── INPUT DATA

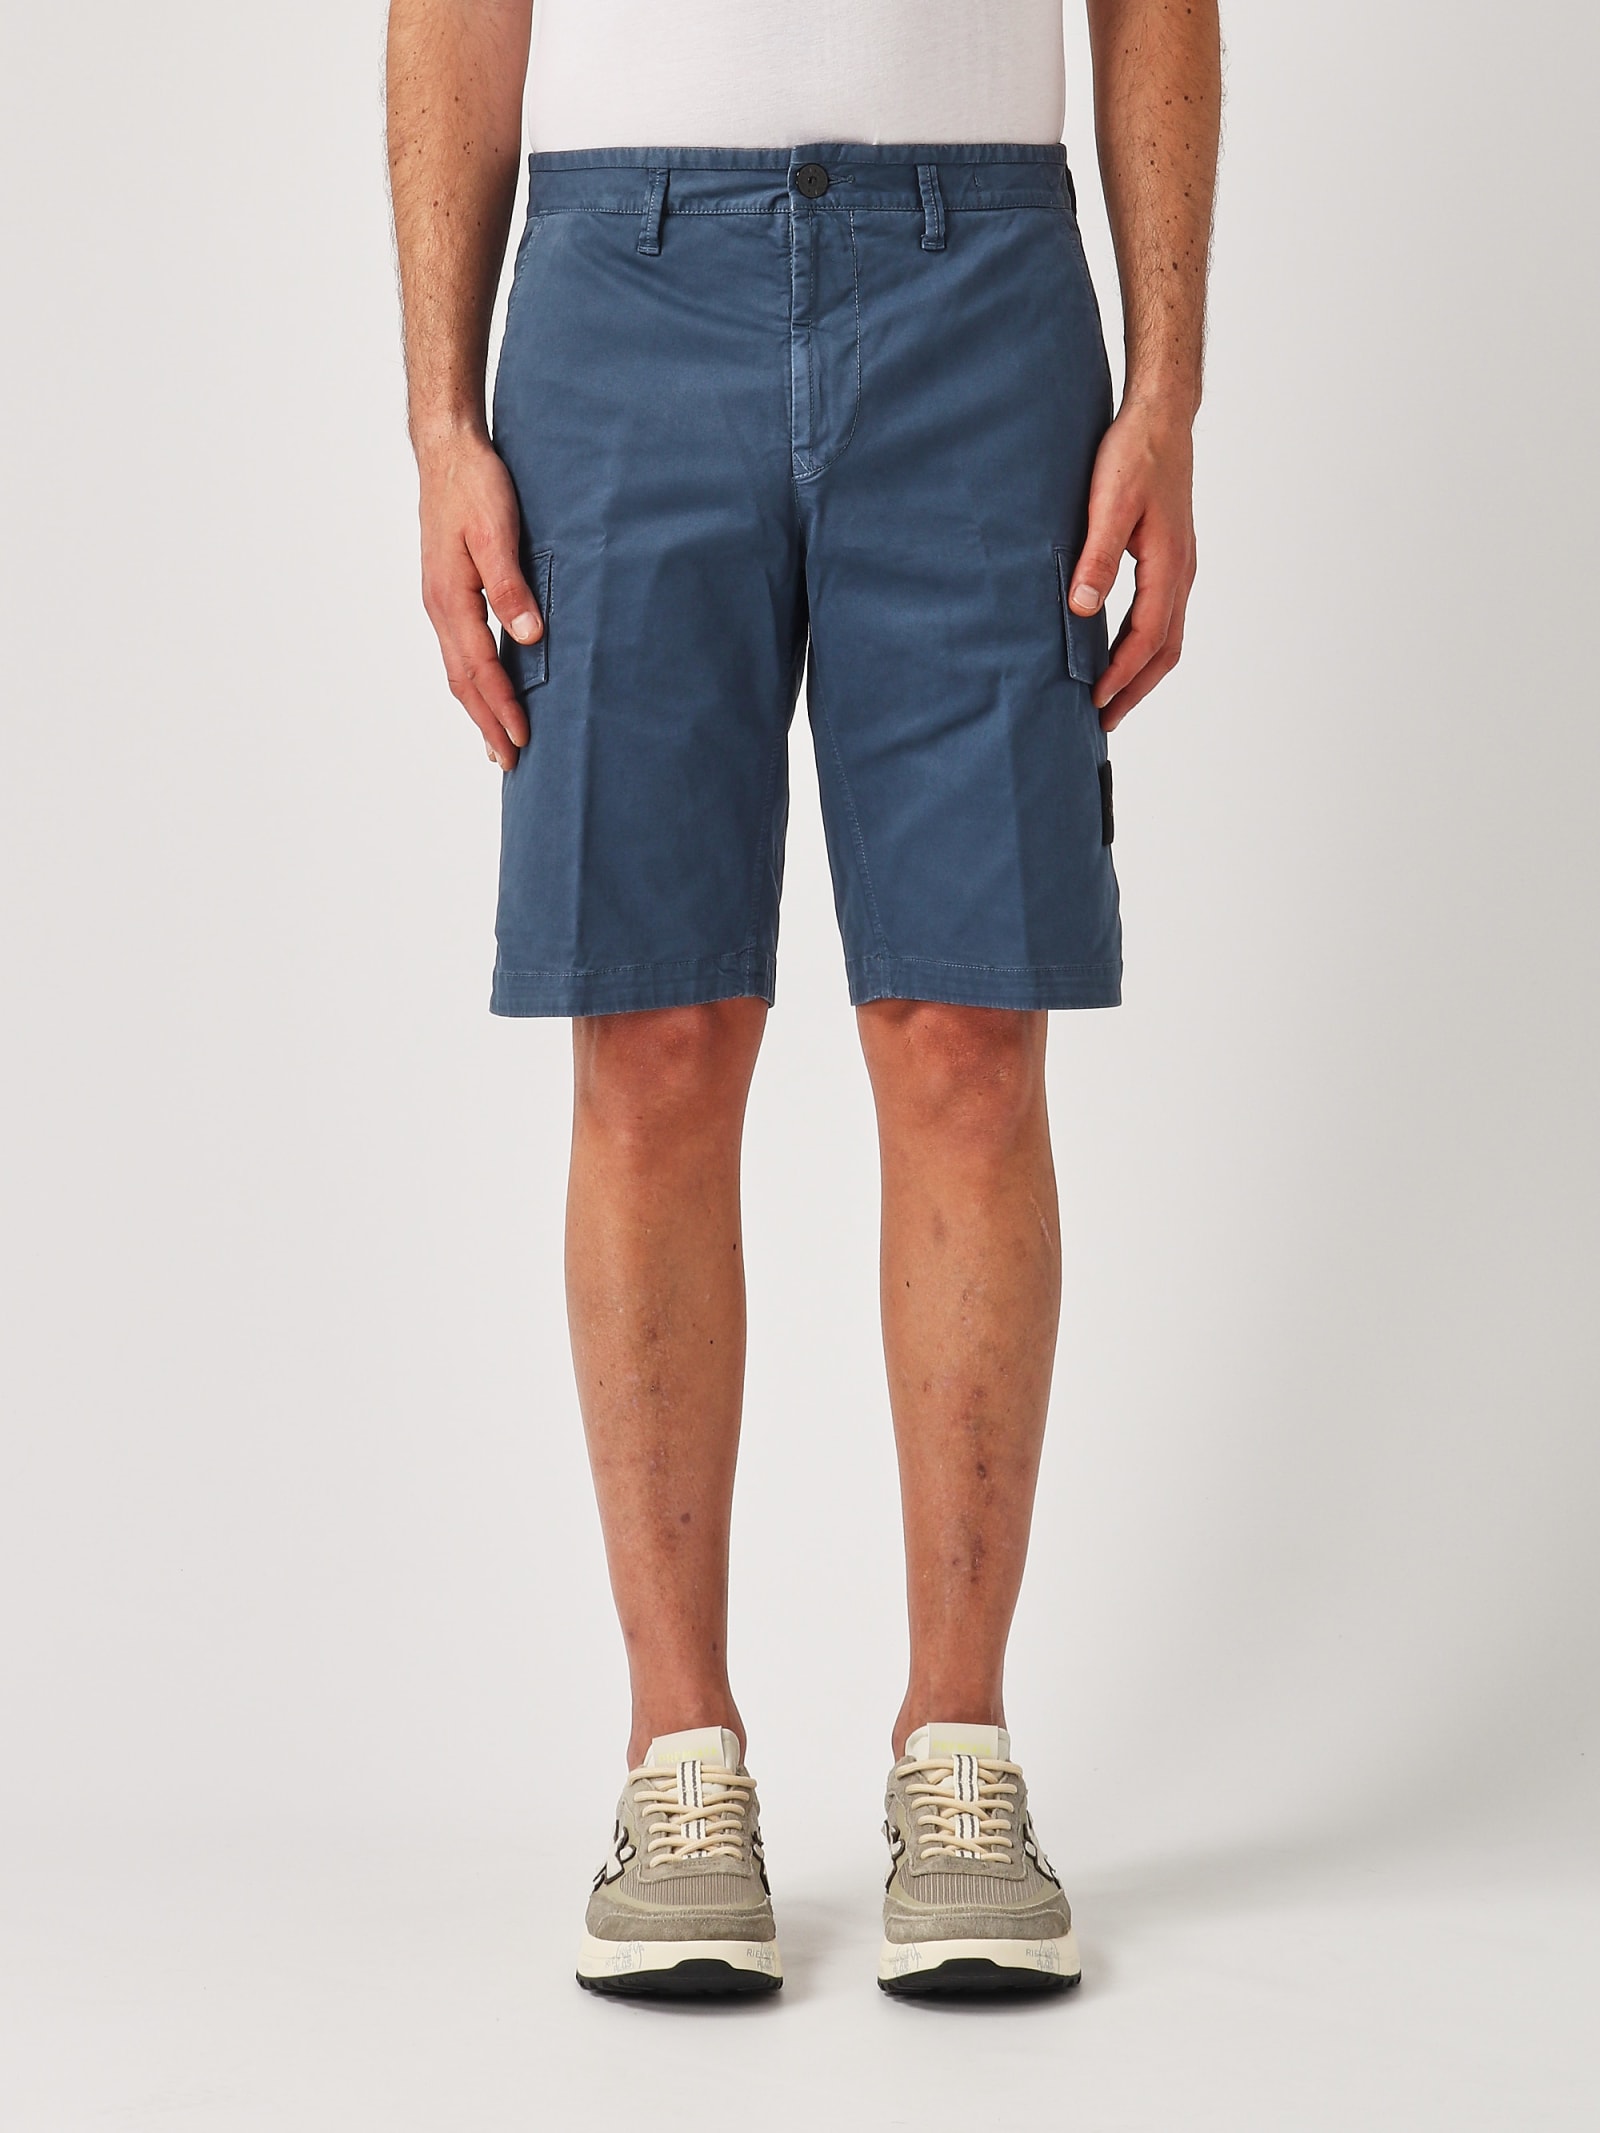 Bermuda Slim Shorts
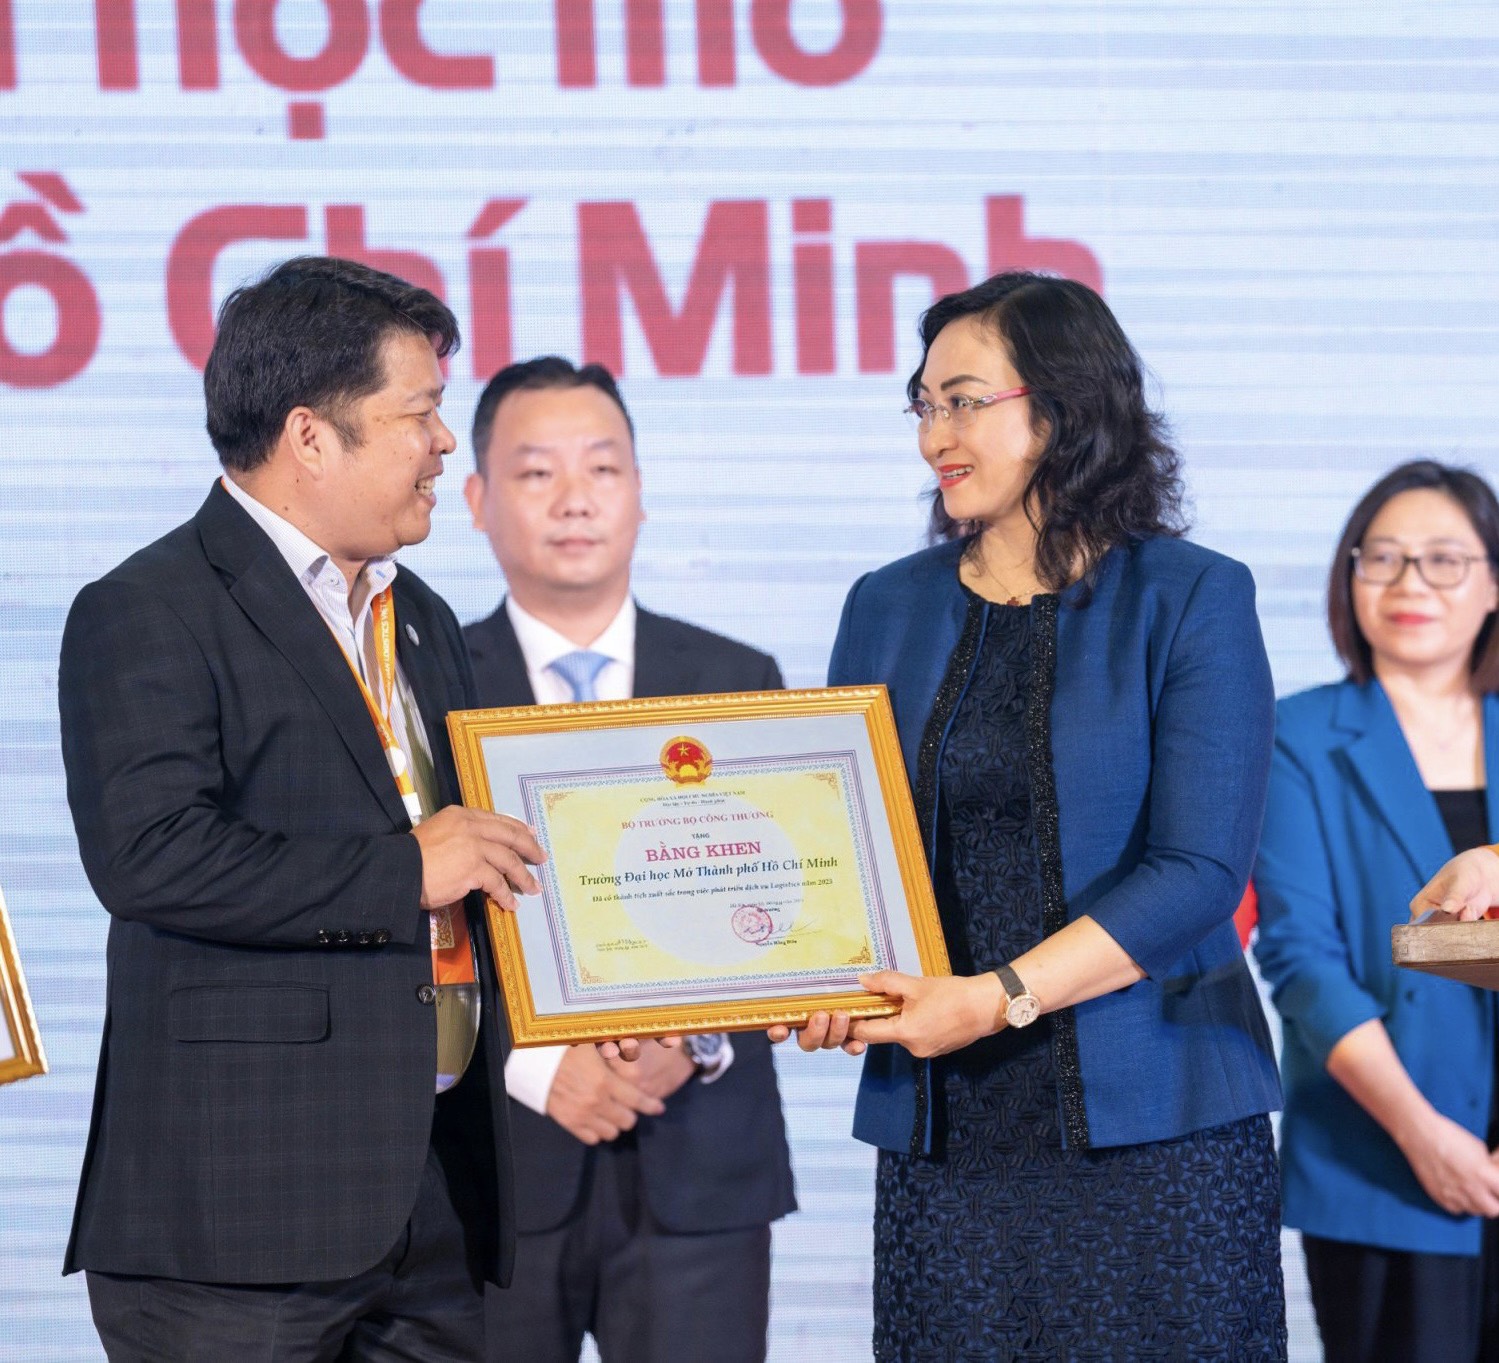 game bai doi thuong
 Thành phố Hồ Chí Minh vinh dự nhận bằng khen của Bộ Công thương
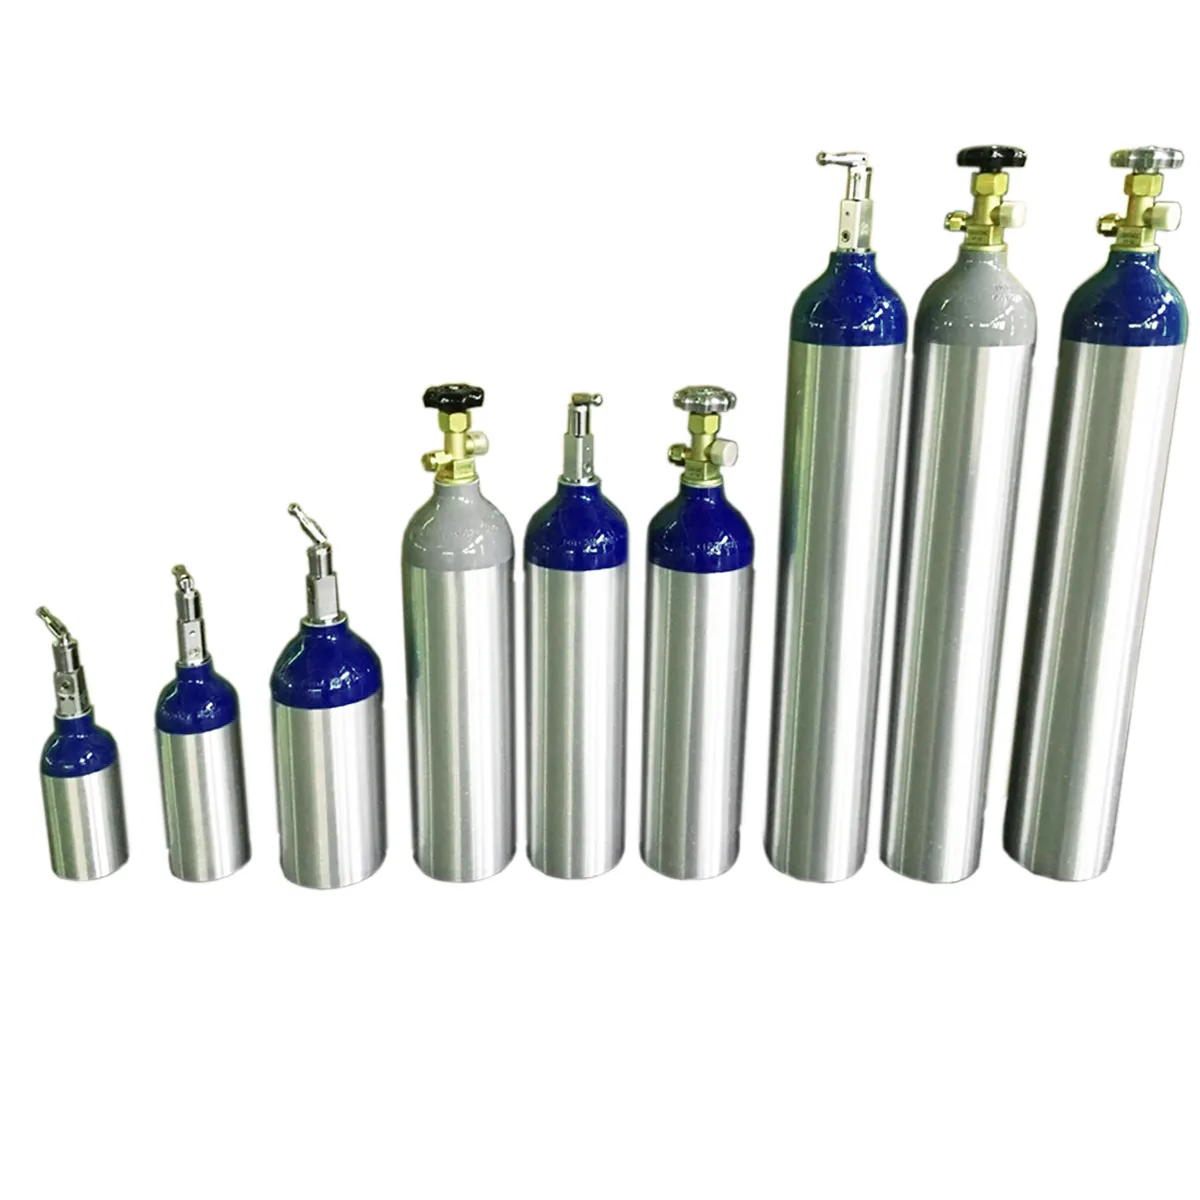 Food Grade High Pressure aluminum cylinder Carbon Dioxide Cylinder for Soda Water
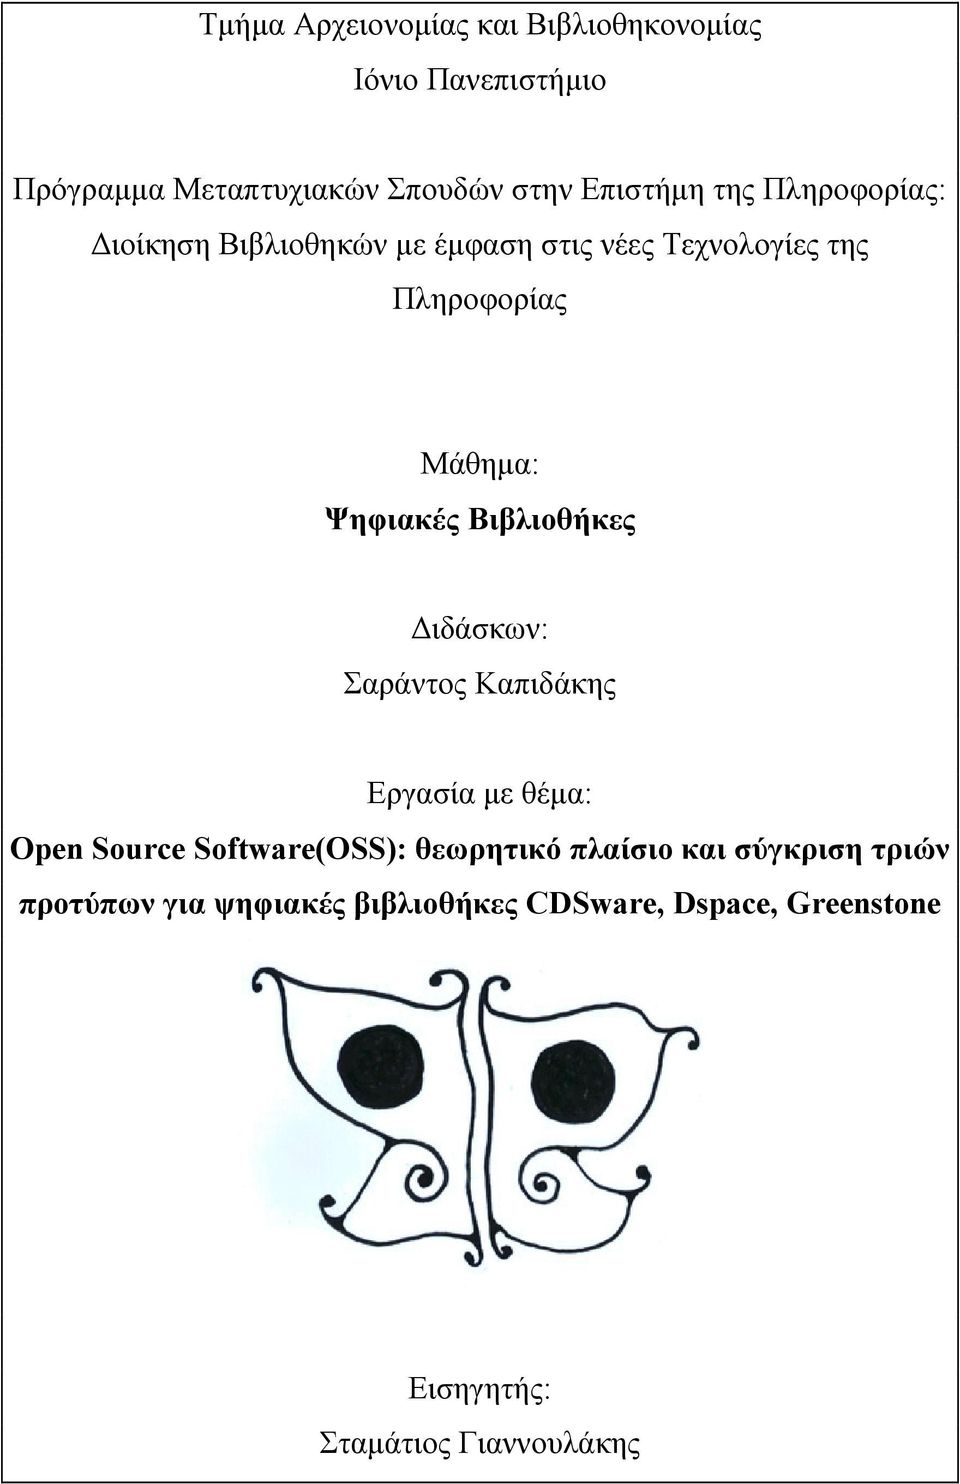 Βιβλιοθήκες ιδάσκων: Σαράντος Καπιδάκης Εργασία µε θέµα: Open Source Software(OSS): θεωρητικό πλαίσιο και

────

◆ YOUR INSTRUCTIONS
Exclude the pictures, then write out every record exactly as it stands.

◆ REPLY TO THE EXERCISE
 Bermuda Slim Shorts
 game bai doi thuong
 Thành phố Hồ Chí Minh vinh dự nhận bằng khen của Bộ Công thương
 Food Grade High Pressure aluminum cylinder Carbon Dioxide Cylinder for Soda Water
 Βιβλιοθήκες ιδάσκων: Σαράντος Καπιδάκης Εργασία µε θέµα: Open Source Software(OSS): θεωρητικό πλαίσιο και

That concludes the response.